For structurally known proteins, these properties can be directly obtained from PDB coordinates using computational programs. The STRIDE9 and DSSP10, as examples, are designed to obtain protein secondary structure and solvent accessibility area of PDB structures. Some elegant bioinformatics tools have also been developed to predict these features directly from protein sequences. For instance, Psipred11 is a widely used tool to predict protein secondary structure from sequence profiles with a Q3 accuracy of approximately 80%. SPINE-X12 is a novel method for RSA and BTA prediction through a two-layer neural network. In general, these structural features, even if approximately or by prediction, are still useful for protein structure prediction and function annotations. In fact, most state-of-the-art protein prediction methods use one or some structural features to improve performance. In this work, we develop algorithms to predict SS, RSA, RD and BTA with the assistance of neural network training. We apply the predicted structures to outer membrane protein (OMP) identification from proteome wide sequences. OMPs, which have been found to play diverse functional roles, are frequently found in the outer membranes of gram-negative bacteria, mitochondria and chloroplasts. Due to their functional importance, correct identification of OMPs from high throughput sequences is of value for proteome annotation and drug design13. During the past decades, OMP identification techniques have received considerable attention and a series of novel methods (e.g., TMBETA-NET14, PRED-TMBB15 and HHomp16) has been developed. Machine learning methods were also used in OMP identification17,18. One successful tool is HHomp. To predict whether a query sequence is an OMP, HHomp builds a profile HMM for a query sequence and compares it with an OMP database by HMM-HMM matching.

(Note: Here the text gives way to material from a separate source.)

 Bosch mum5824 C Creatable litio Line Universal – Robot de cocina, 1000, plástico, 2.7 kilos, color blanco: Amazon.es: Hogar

Previously, we developed SSEA-OMP19 for OMP identification and Trans-OMP20 for locating the transmembrane regions of OMPs. In SSEA-OMP, secondary structure element alignment (SSEA) is used to align an OMP and a non-OMP databases. The query sequence is judged whether it is OMP or not by the top alignments. In Trans-OMP, transmembrane regions of OMPs are predicted by combining the position- and composition-based features of sequence profiles.

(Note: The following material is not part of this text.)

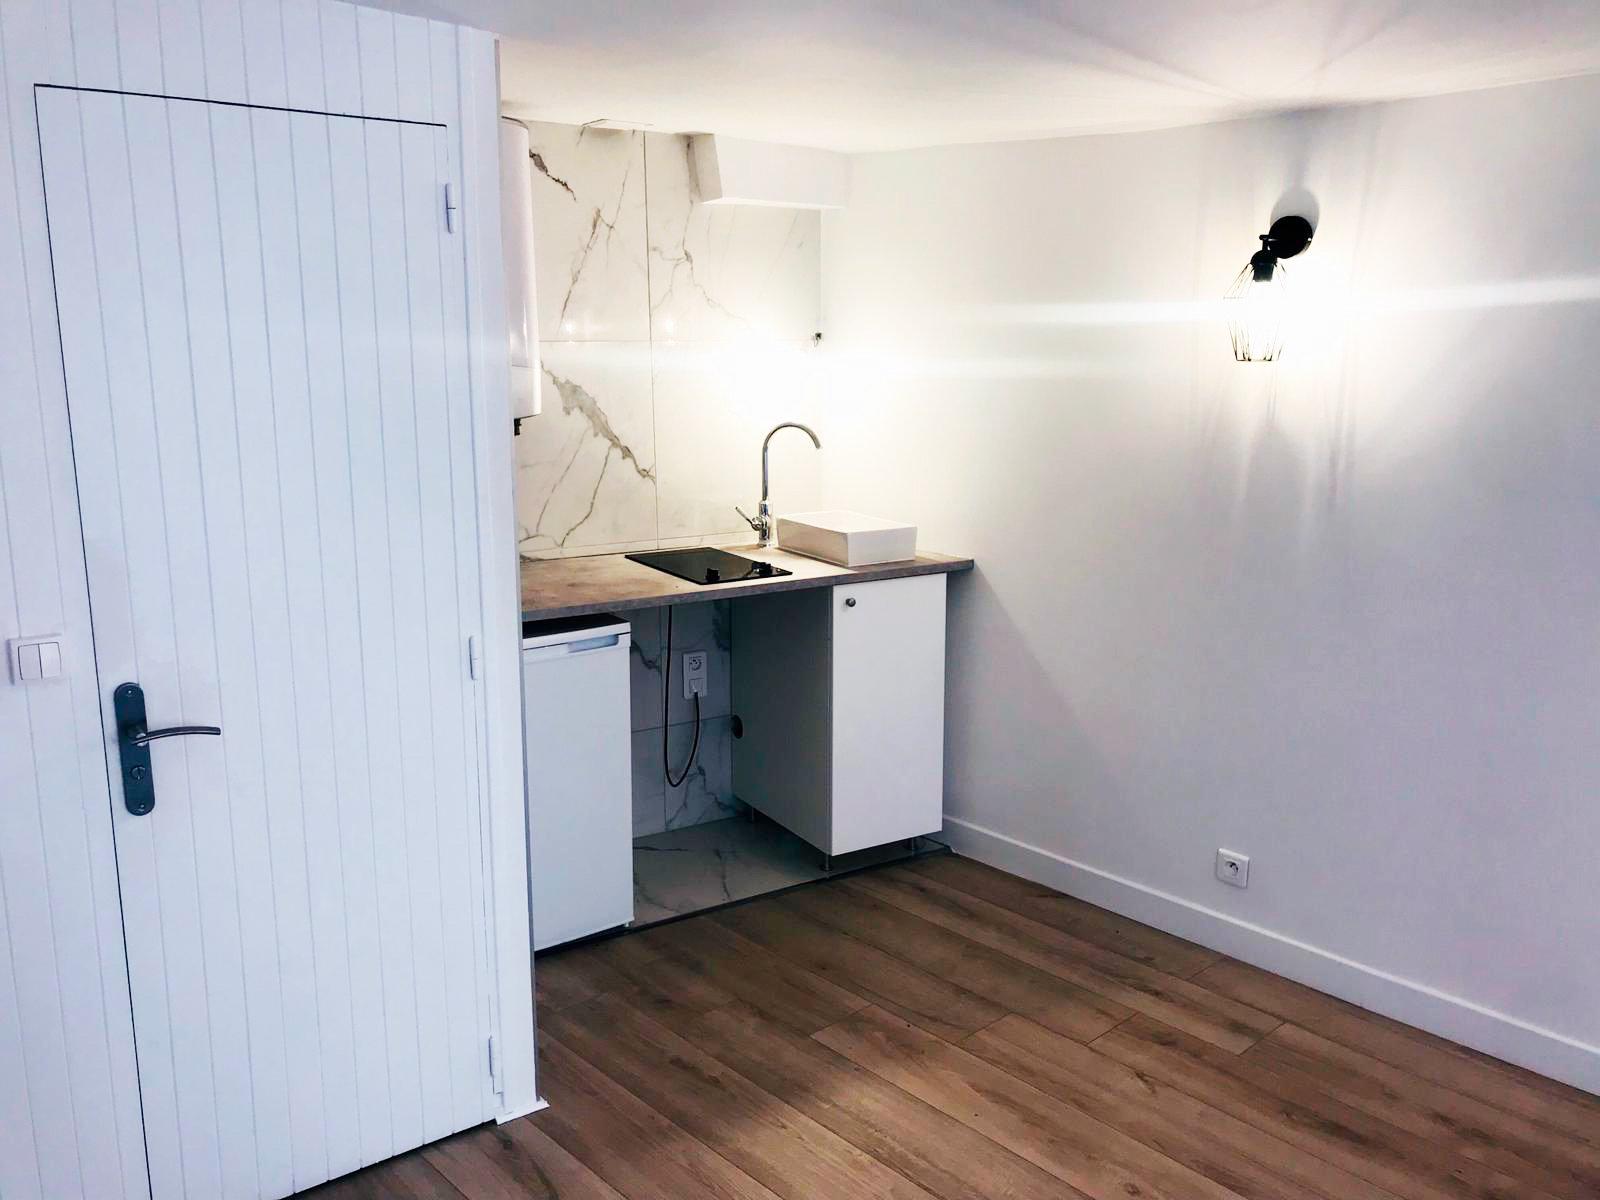 Studio - Saint Germain des près - 75006 Paris

Although many methods have been proposed, the performance of OMP identification is not yet very satisfactory and the requirements for new algorithms are still desirable, especially in the current post-genomic era. Here, we develop a novel method to identify OMPs. We construct sequence profiles (e.g., PSSM) by searching query sequences against the NCBI NR database via Position-Specific Iterated BLAST21 (PSI-BLAST). The obtained PSSM profiles are then fed into trained neural networks to generate predicted structural properties. The query sequences are compared with OMPs by using profile-to-profile alignment with a scoring function incorporating PSSM profiles and predicted structural features. Finally, the query sequences are judged to be OMPs or not by the significances of the alignment scores. We will introduce the details of our algorithms step-by-step in the following sections.

Results

A pipeline of our methods

A pipeline of our methods was constructed and is clearly presented in Fig. 1. The pipeline consists of three modules: (1) prediction of structural features, (2) identification of OMPs and (3) modeling of 3D structures for potential OMPs. In the first step, a query sequence is threaded by PSI-BLAST through the NCBI NR database for three iterations with an e-value threshold of 0.001 to generate sequence profiles. Then, structural features can be generated by PSSM-2-Features with the sequence profiles provided as input. In the second step, PPA-OMP local alignment method22 is used to search the query sequence against an OMP sequence database and the query sequence is determined to be an OMP or not by top alignments. Finally, the query sequence is searched against a structurally known OMP database. The 3D models for the query sequence are built using PPA-OMP alignment with the assistance of MODELLER23 if it is predicted to be an OMP. It should be pointed out here that global alignment is used to align as many residues as possible in the 3D model building.

Figure 1
figure 1

A pipeline of our methods.

The pipeline consists of three modules, prediction of structural features, identification of OMPs and modeling of 3D structures for potential OMPs. First, a target protein is iteratively threaded through the local NCBI NR database for three iterations to generate sequence profiles. Profiles are then fed into the trained neural networks to predict structurally features. Second, the target protein is searched against an OMP sequence database by using PPA-OMP with a scoring function incorporating sequence profiles and predicted structural features. The target protein is judged to be an OMP or not by the significance of the top alignment. Third, the target protein is searched against a structurally known OMP database by PPA-OMP program if the target protein is predicted to be an OMP. The 3D structural models of the target are built using the alignment by PPA-OMP with the assistance of MODELLER23 program. Because PPA-OMP is used to search a sequence database and a structurally known database in this pipeline, PPA-OMP is used twice in this flow chart.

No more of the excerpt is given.